Contrary to what Left or ‘liberal’ political and economic experts have been telling us, a stable and prosperous Pakistan would not be good for India and its other neighbours.

But that hypothesis itself is flawed. Pakistan was not born out of the love for Islam as much as its hatred and fear of India and Hindus. If you take out that loathing and paranoia, what remains of its identity?

Islam? Perhaps not. Because blinding Sunni supremacy ensures regular killing and persecution of not just non-Muslims but also Shias, Sufis, Ahmediyas and Ismailis.

To run that kind of a hate machine, you need to put in motion certain imaginary god’s laws instead of man-made regulations needed to run a society, polity, and economy.

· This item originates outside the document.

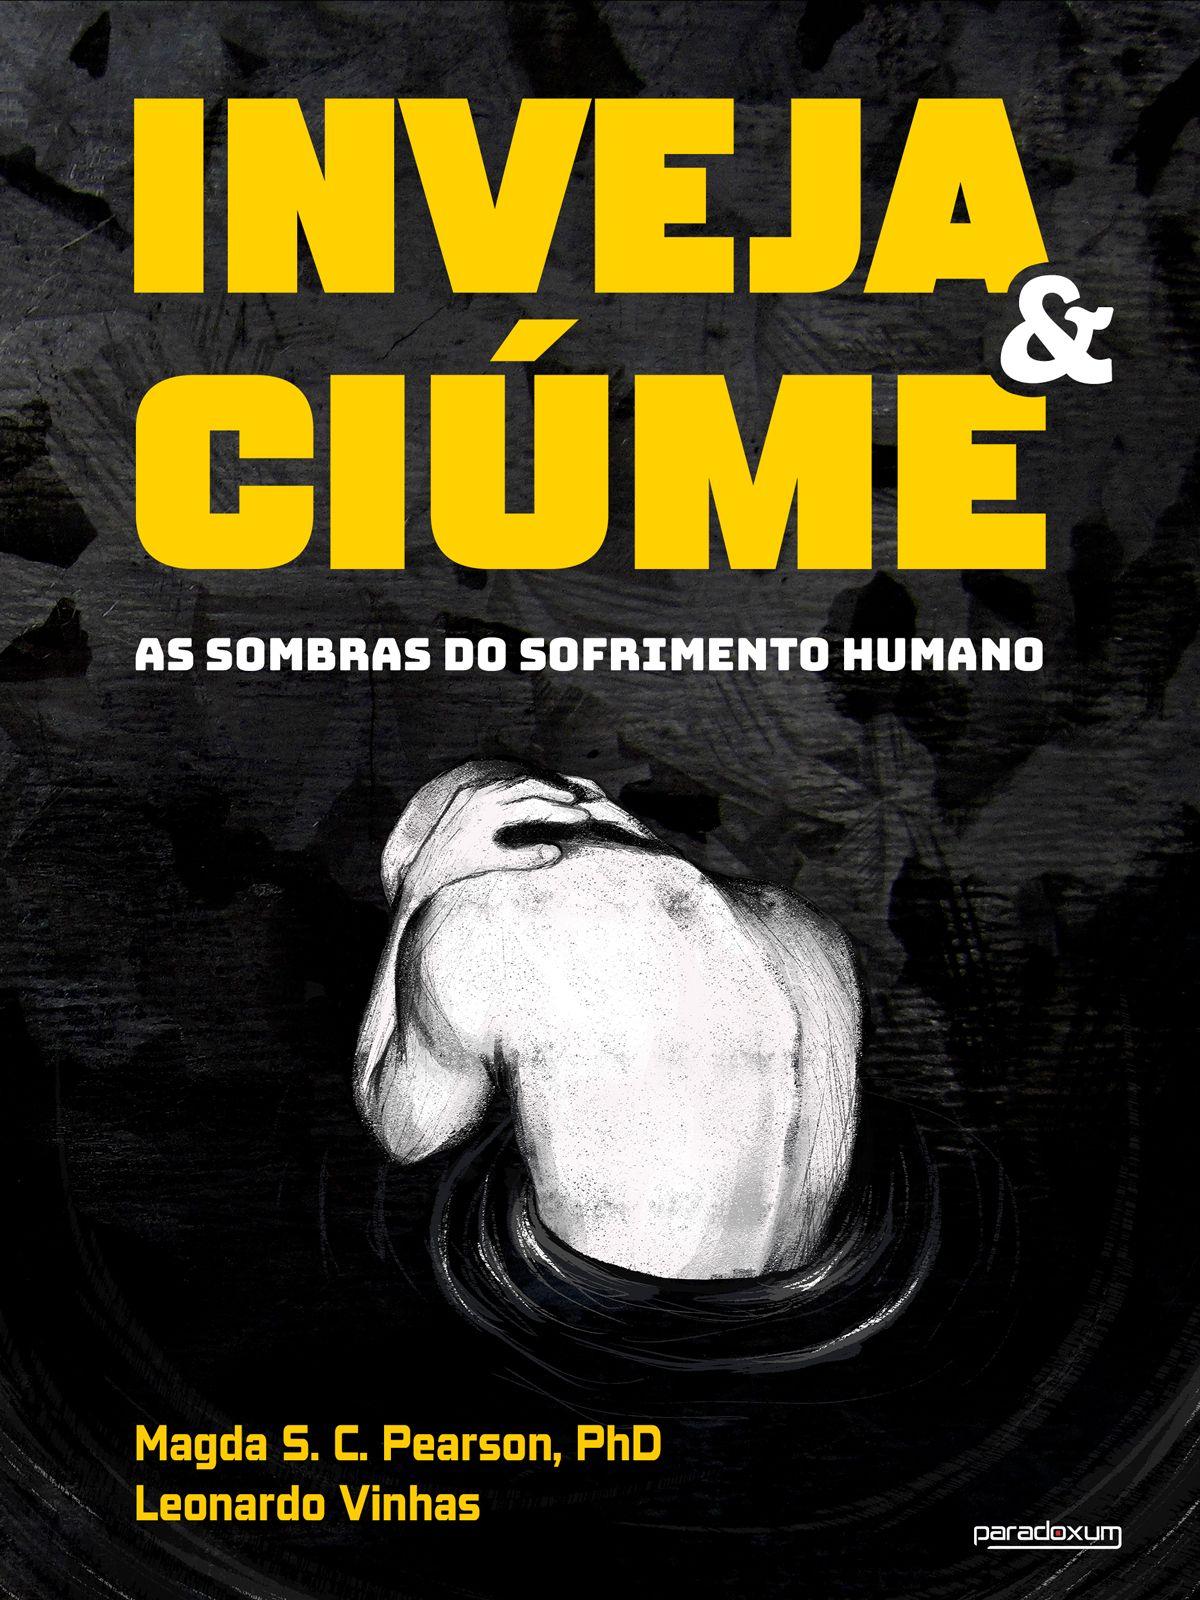 Capa do livro INVEJA E CIÚME, de Magda Pearson e Leonardo Vinhas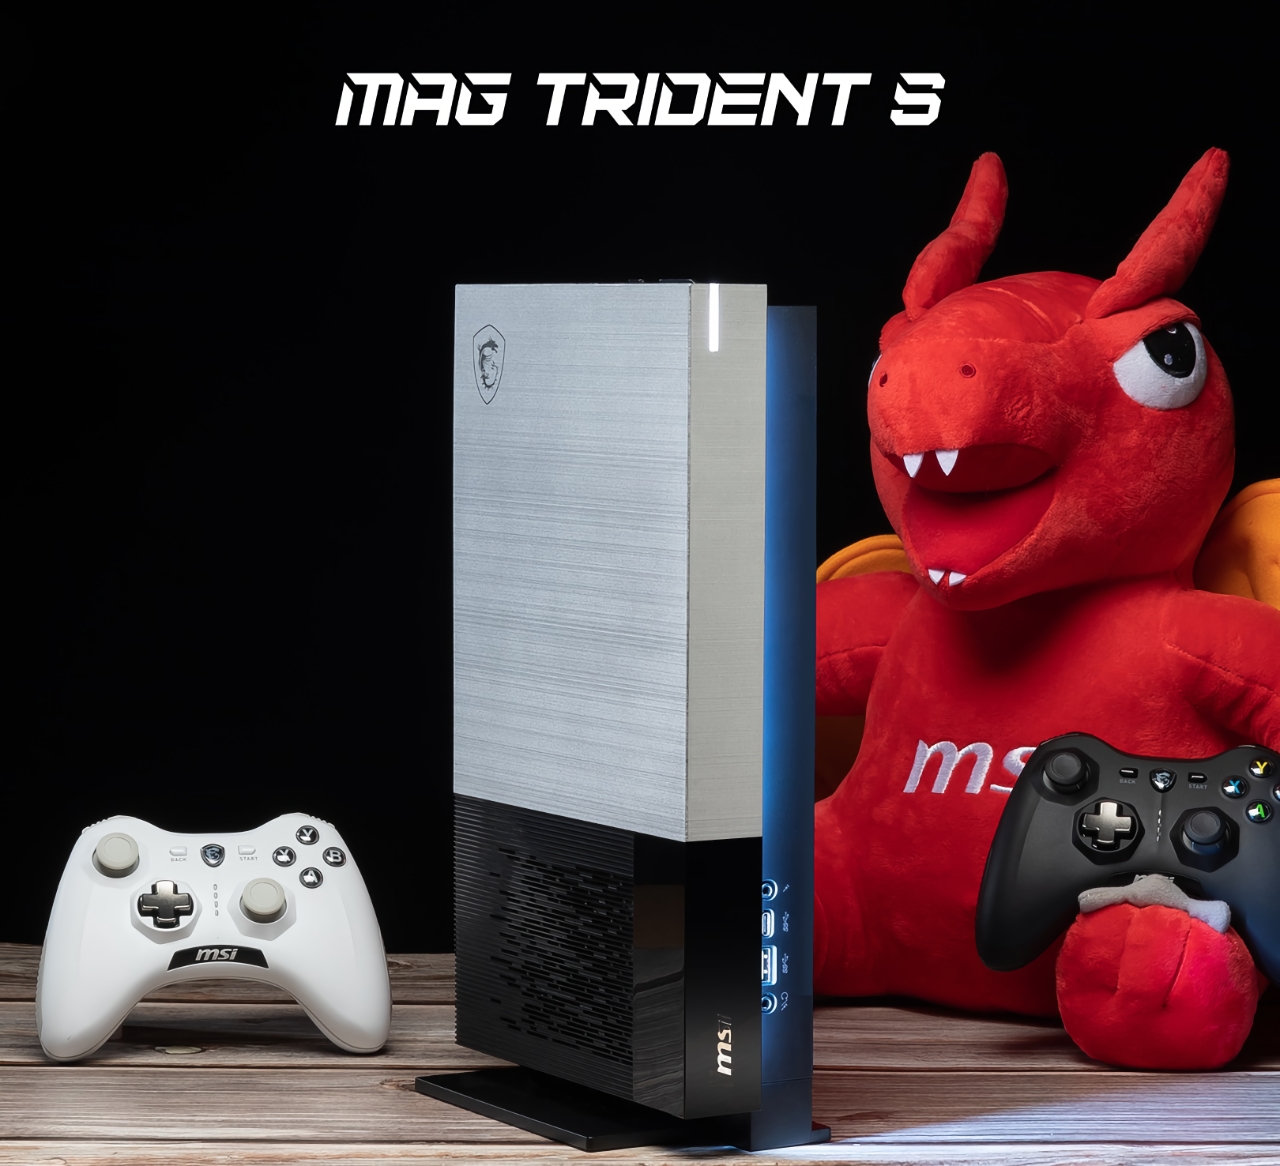 Inesperadamente: MSI lanzará la consola de juegos MAG Trident S con un procesador AMD Ryzen 7 5700G a bordo

Running real factories is totally antithetical to running a massive Islamist terror factory. For the former, you need to establish transparency, rule of law, economic fundamentals, and trust in the system. To run the latter, you need to obfuscate, operate in secrecy, nurture the corrupt, bribe citizens with doles, channelise funds into the state’s dark arts.

To do business, you need fewer enemies. To run a bigoted State, you have to have enemies.

For your economy to prosper, you need friends who embrace your honesty and openness. To run a terror state, you need allies like China or Turkey who can benefit from your dark enterprises and eventually throw you out when the job is done.

To claw out of the deep economic ditch, Pakistan needs to scrape off its jihadi DNA and hatred of the other.

Can it?

That leads us to the bigger question.

If it gives up its Islamist instincts, will it still be Pakistan?